In step S4, the running light control unit 6 weights the probability based on the horizontal position of the appearance area 33 in front of the vehicle, according to the relationship shown in the graph in FIG. 10.

In step S3, the running light control unit 6 determines a light distribution pattern for the running lights 7 to dim the brightness of the running lights 7 in the appearance area based on the probability after the weighting has been applied and the appearance area. The running light control unit 6 then controls the light distribution of the running lights 7 based on the determined light distribution pattern.

Summary of the second embodiment
Generally, the direction of the center of the illumination range of the running lights 7 as seen by the driver is often the direction of travel of the vehicle, so the brightness has a large impact on the driver's driving safety. On the other hand, the direction of the edge of the illumination range of the running lights 7 as seen by the driver is often shifted from the direction of travel of the vehicle, so the brightness has a small impact on the driver's driving safety. For this reason, the driver usually pays less attention to the edge of the illumination range of the running lights 7 than to the center.

In contrast, with the light distribution control device 100 according to the second embodiment, the weighting of the probability at the ends of the illumination range of the running lights 7 is greater than the weighting of the probability at the center of the illumination range of the running lights 7. With this configuration, the appearance area 33 is more likely to be generated at the ends of the illumination range of the running lights 7 than at the center, so that glare suppression for traffic participants can be improved while maintaining the driving safety of the driver.

<Third embodiment>
15 is a block diagram showing the configuration of a light distribution control device 100 according to the third embodiment. In the following, among the components according to the third embodiment, the same or similar reference symbols are used for the components that are the same as or similar to the components described above, and different components are mainly described. In the third embodiment, the surrounding information acquisition unit 2 acquires at least an image in front of the vehicle as surrounding information.

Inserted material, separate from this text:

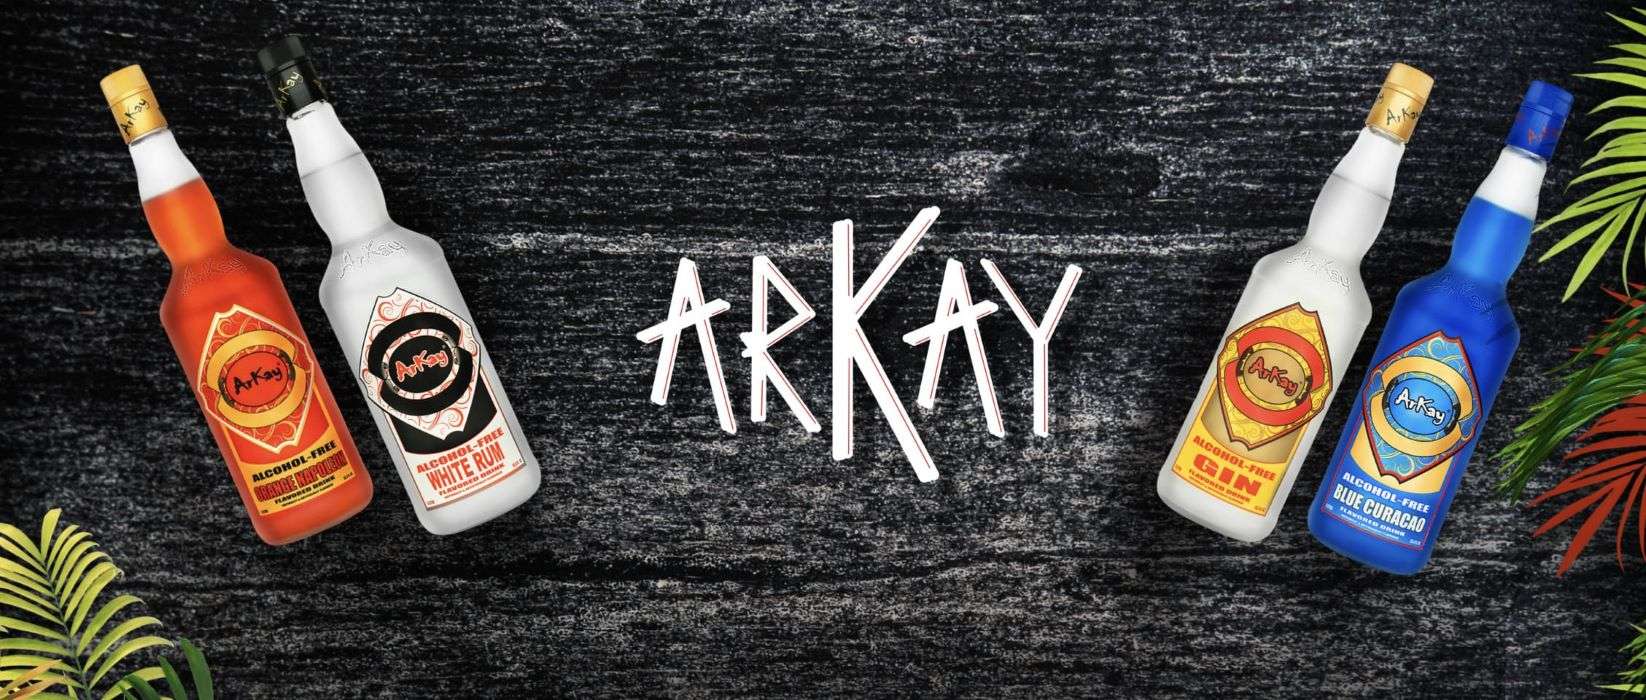 Arkay logo for four non-alcoholic drink bottles.

The configuration in FIG. 15 is an example of a case where the area related to the line of sight of the vehicle driver is actually measured, and is similar to the configuration in FIG. 9 with the addition of a line of sight information collection unit 11, line of sight information acquisition unit 12, and gaze area identification unit 9. The gaze area identification unit 9 is included in the concept of a determination unit, like the probability area identification unit 3 and the like.

The gaze information collection unit 11 collects gaze information of the driver. For example, the gaze information collection unit 11 collects gaze information of the driver using a camera that captures images inside the vehicle.

The gaze information acquisition unit 12 acquires gaze information collected by the gaze information collection unit 11. In the example of FIG. 15, the gaze information acquisition unit 12 is an interface to the gaze information collection unit 11, but is not limited to this, and may include, for example, a DMS (driver monitoring system) as the gaze information collection unit 11.

The gaze area identification unit 9 identifies the area related to the line of sight of the vehicle driver as the area on which the vehicle driver is gazing (hereinafter referred to as the "gaze area") by actual measurement or estimation.

In measuring the gaze area, for example, the gaze area identification unit 9 identifies the gaze area based on gaze information acquired by the gaze information acquisition unit 12. In this case, the surrounding information may be expanded to include information obtained by actually measuring the area related to the gaze of the driver of the vehicle.

To estimate the gaze area, the gaze information collection unit 11 and the gaze information acquisition unit 12 are not required, and the gaze area identification unit 9 uses a saliency map, for example. The saliency map is a map that calculates for each pixel how easily a person will gaze when looking at an image showing the area in front of the vehicle, and includes areas that are easy for the driver of the vehicle to gaze at, i.e., areas that correspond to the gaze area. Areas that are easy for the driver of the vehicle to gaze at include, for example, the area in the direction of travel (vanishing point), the area of vehicles parked on the shoulder of the road, and the area of pedestrians.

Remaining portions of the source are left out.